RISTA前沿大讲堂

Toward Physics-native Intelligence: World Model, Data Structure and Training Algorithm

Toward Physics-native Intelligence: World Model, Data Structure and Training Algorithm

Toward Physics-native Intelligence: World Model, Data Structure and Training Algorithm

As artificial intelligence advances beyond vision and language processing toward embodied systems—including autonomous driving and robotics—prevailing deep learning paradigms are confronting fundamental challenges. This talk presents a systematic overview of physics-native intelligence (Phi), covering its core design principles and methodologies for constructing its world model, data structure, and training algorithm. Four representative physics-native algorithms are elaborated: (1) RAD: A neural network optimizer engineered with built-in symplectic preservation to guarantee long-term training stability. (2) DACER: A reinforcement learning algorithm that equips neural network policies with the capacity to model multi-modal action distributions. (3) RACS: A ternary iteration framework for addressing safety constraints, which jointly learns the feasible region and optimal policy with provable monotonicity and convergence guarantees. (4) BOOM: An algorithm enabling bidirectional co-improvement with reliance on world model. By internalizing planning capabilities directly into the policy, it substantially enhances sample efficiency.

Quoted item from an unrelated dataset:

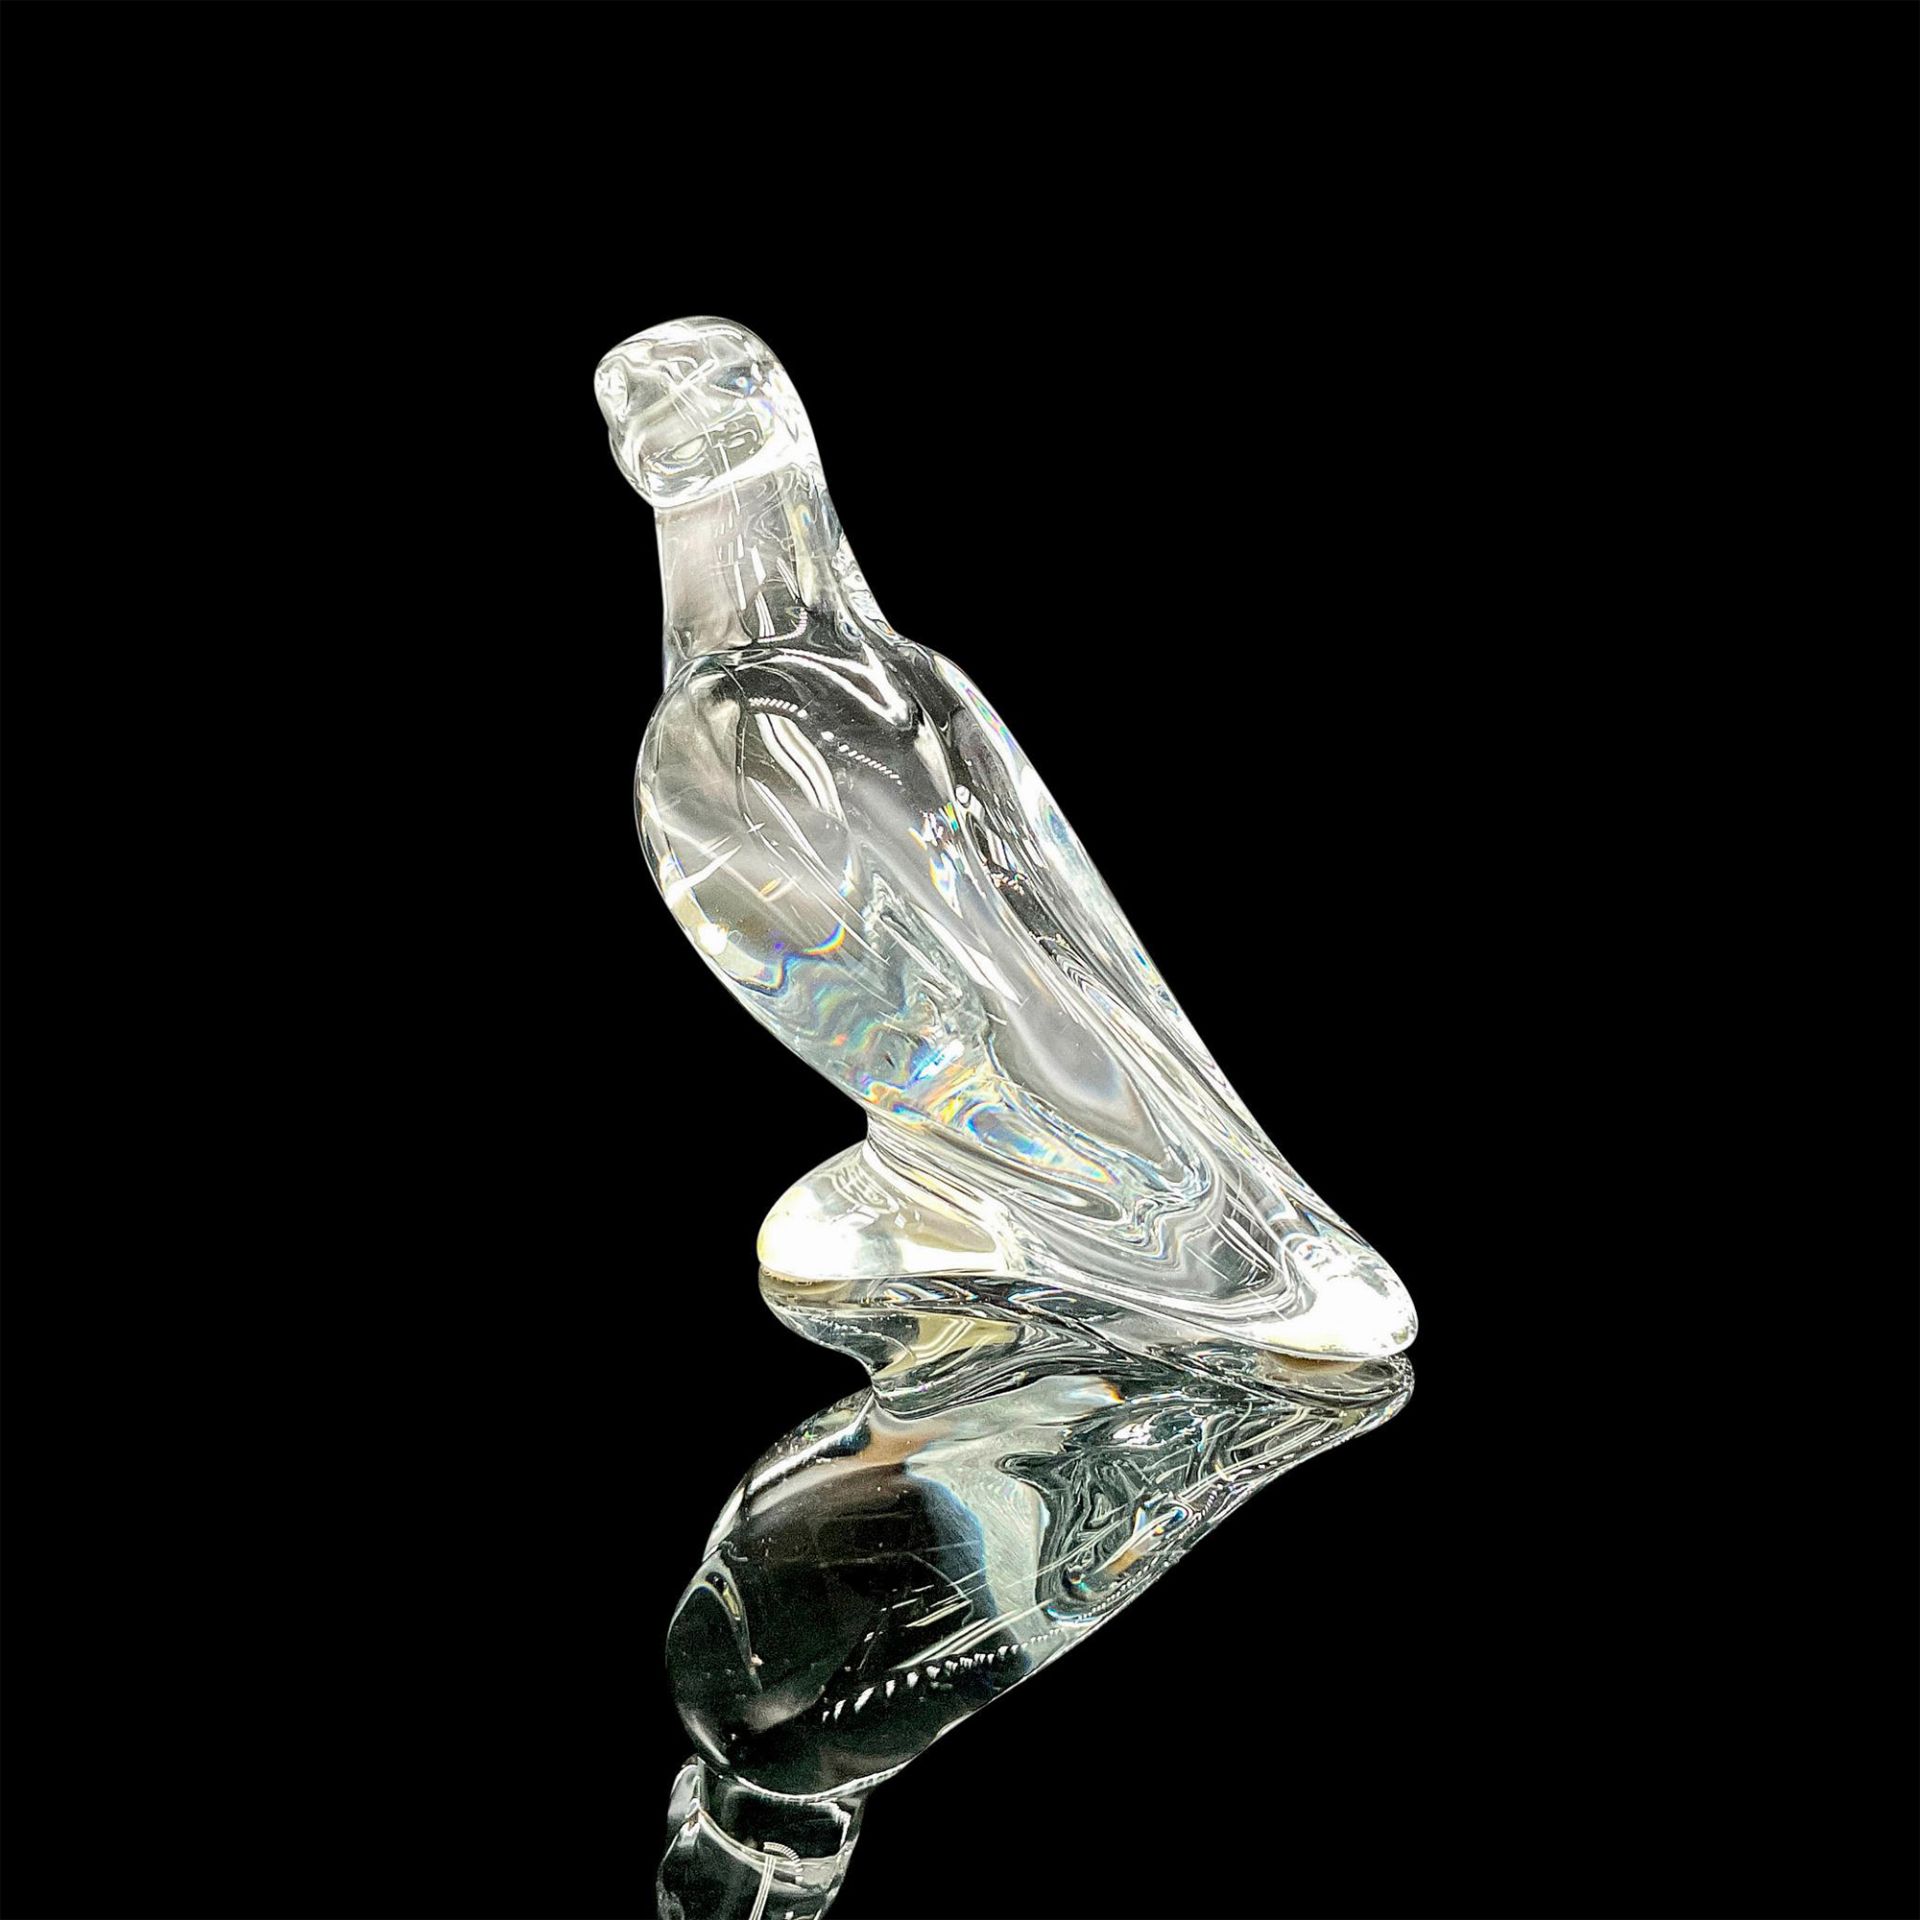 Baccarat Crystal Figurine, Parrot - Image 2 of 4

李升波,清华大学车辆与运载学院、人工智能学院 教授/博导。入选国家高层次领军人才、教育部青年科学奖获得者、交通部科技创新领军人才等。他的研究构建了物理原生智能(Phi, physics-native intelligence)的模型、数据、算法设计框架,围绕绝对安全性保障理论,强化学习三元迭代算法,辛几何神经网络优化器,多模态隐式世界模型,几何约束贝叶斯滤波器及其自动驾驶/机器人应用做出了重要贡献。曾获国家科技进步二等奖、国家技术发明二等奖、中国汽车工业科技进步特等奖、中国自动化学会自然科学一等奖等。担任中国汽车工程学会人工智能分会首任主任、中国自动化学会汽车控制与智能化专委会副主任、中国智能网联汽车产业创新联盟人工智能工作组组长等。